The primary cause of lung cancer is tobacco smoking, which accounts for about 80–90% of cases. Tobacco smoke contains over 7,000 chemicals, many of which are carcinogens that damage lung cells over time. The risk increases with the number of cigarettes smoked daily and the number of years smoked.

Other major risk factors include:

  • Secondhand smoke (environmental tobacco smoke) — Increases risk even for non-smokers; it is the third most common cause in the US.

  • Radon gas — A naturally occurring radioactive gas from soil and rocks that can accumulate indoors; it is the second-leading cause overall and the leading cause among non-smokers.

  • Occupational exposures — Asbestos, arsenic, diesel exhaust, silica, chromium, nickel, and other chemicals (risk is much higher when combined with smoking).

  • Air pollution — Long-term exposure to fine particulate matter and outdoor pollutants.

  • Other factors — Previous radiation therapy to the chest, family history/genetic predisposition, chronic lung diseases (e.g., COPD), HIV infection, and (rarely) certain dietary supplements like beta-carotene in heavy smokers.

Many cases involve a combination of these factors, and risk accumulates with age.

 

2. Prevention

Lung cancer is one of the most preventable cancers. Key steps include:

  • Do not start smoking, and quit smoking if you currently smoke — This is the single most effective prevention method. Quitting at any age significantly lowers risk, and the benefit increases with time since quitting. Avoid all forms of tobacco (cigarettes, cigars, pipes).
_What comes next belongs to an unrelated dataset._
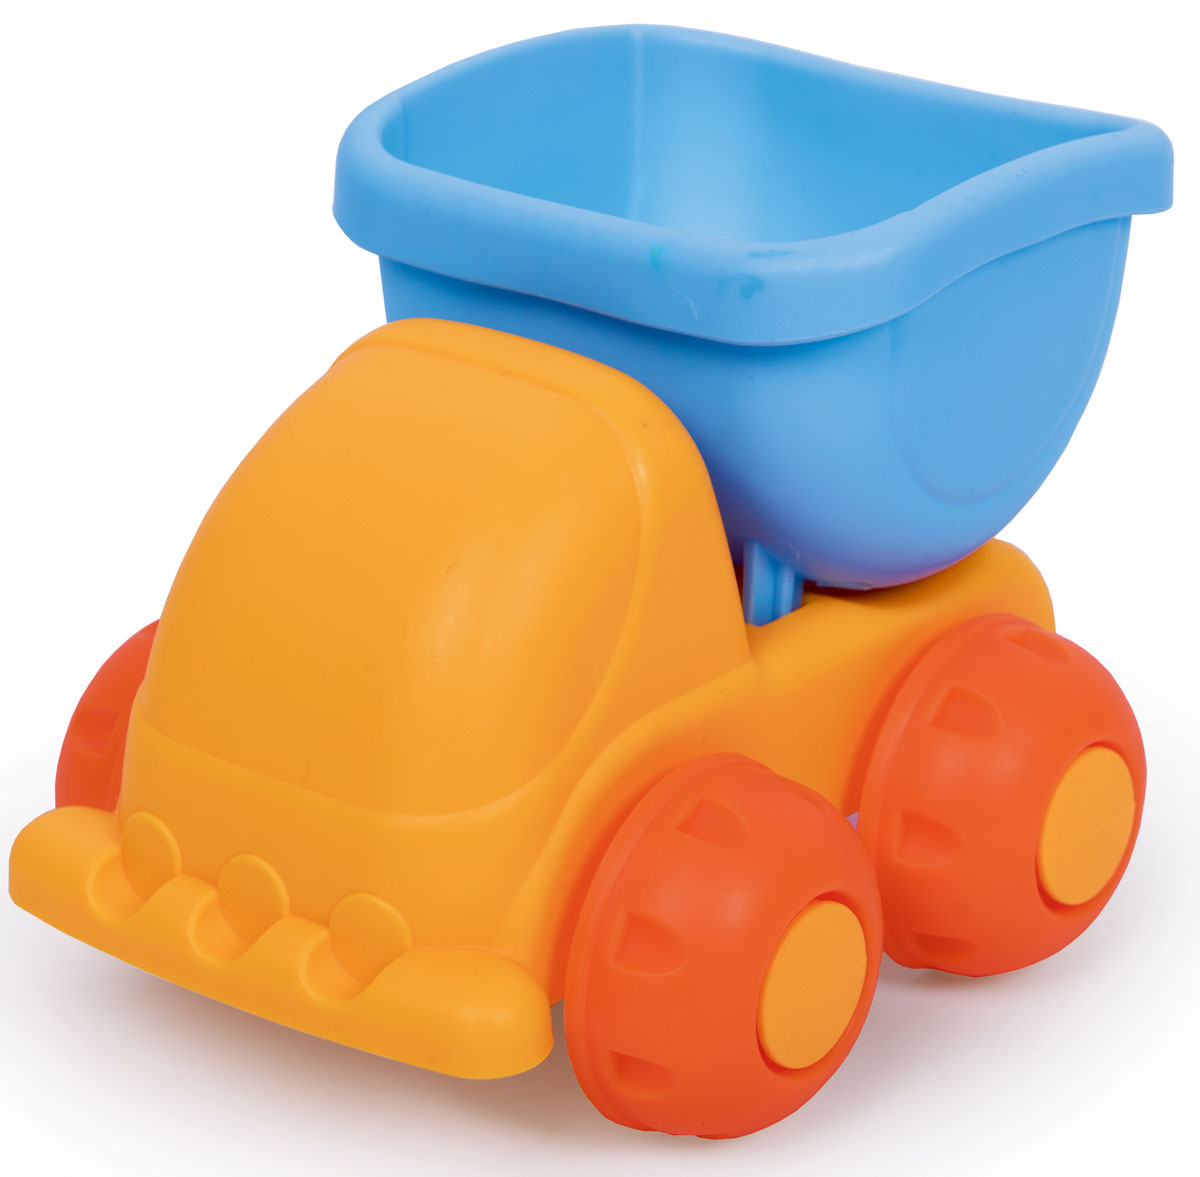 фото ЯиГрушка Игрушка для песочницы Машинка цвет оранжевый, голубой

  • Avoid secondhand smoke — Make your home and car smoke-free; encourage others to quit.

  • Test and mitigate radon — Test your home for radon levels (kits are widely available) and fix high levels with proven ventilation systems.

  • Limit occupational and environmental exposures — Use protective equipment at work if exposed to asbestos or chemicals; support cleaner air policies to reduce pollution.
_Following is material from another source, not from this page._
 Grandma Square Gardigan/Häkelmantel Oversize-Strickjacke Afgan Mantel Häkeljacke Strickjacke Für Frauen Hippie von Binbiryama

  • Adopt a healthy lifestyle — Eat a balanced diet rich in fruits and vegetables, maintain a healthy weight, exercise regularly, and avoid unnecessary supplements that may increase risk in smokers.

  • Screening for high-risk individuals — Low-dose CT scans are recommended for current or former heavy smokers (ages 50–80 with significant smoking history) to detect cancer early.

Quitting smoking remains the most powerful intervention, even after a diagnosis (it improves treatment outcomes and reduces risk of second cancers).

 

3. Diagnosis

Lung cancer is often diagnosed after symptoms appear or through screening. The process typically involves:

  • Imaging tests — Chest X-ray (initial test), followed by CT scan (more detailed), PET-CT scan (to assess spread), or MRI in select cases.

  • Sputum cytology — Examining mucus coughed up from the lungs for cancer cells.

  • Biopsy — The definitive way to confirm cancer. Samples can be obtained via:

    • Needle biopsy (through the skin or guided by CT/bronchoscopy).

    • Bronchoscopy (flexible tube with camera and tools inserted through the mouth/nose).

    • Endobronchial ultrasound (EBUS) or other endoscopic methods.

    • Surgical biopsy in some cases.

  • Additional tests — Molecular/genetic testing on biopsy samples to identify mutations (e.g., EGFR, ALK) that guide targeted therapy; blood tests and pulmonary function tests for overall assessment.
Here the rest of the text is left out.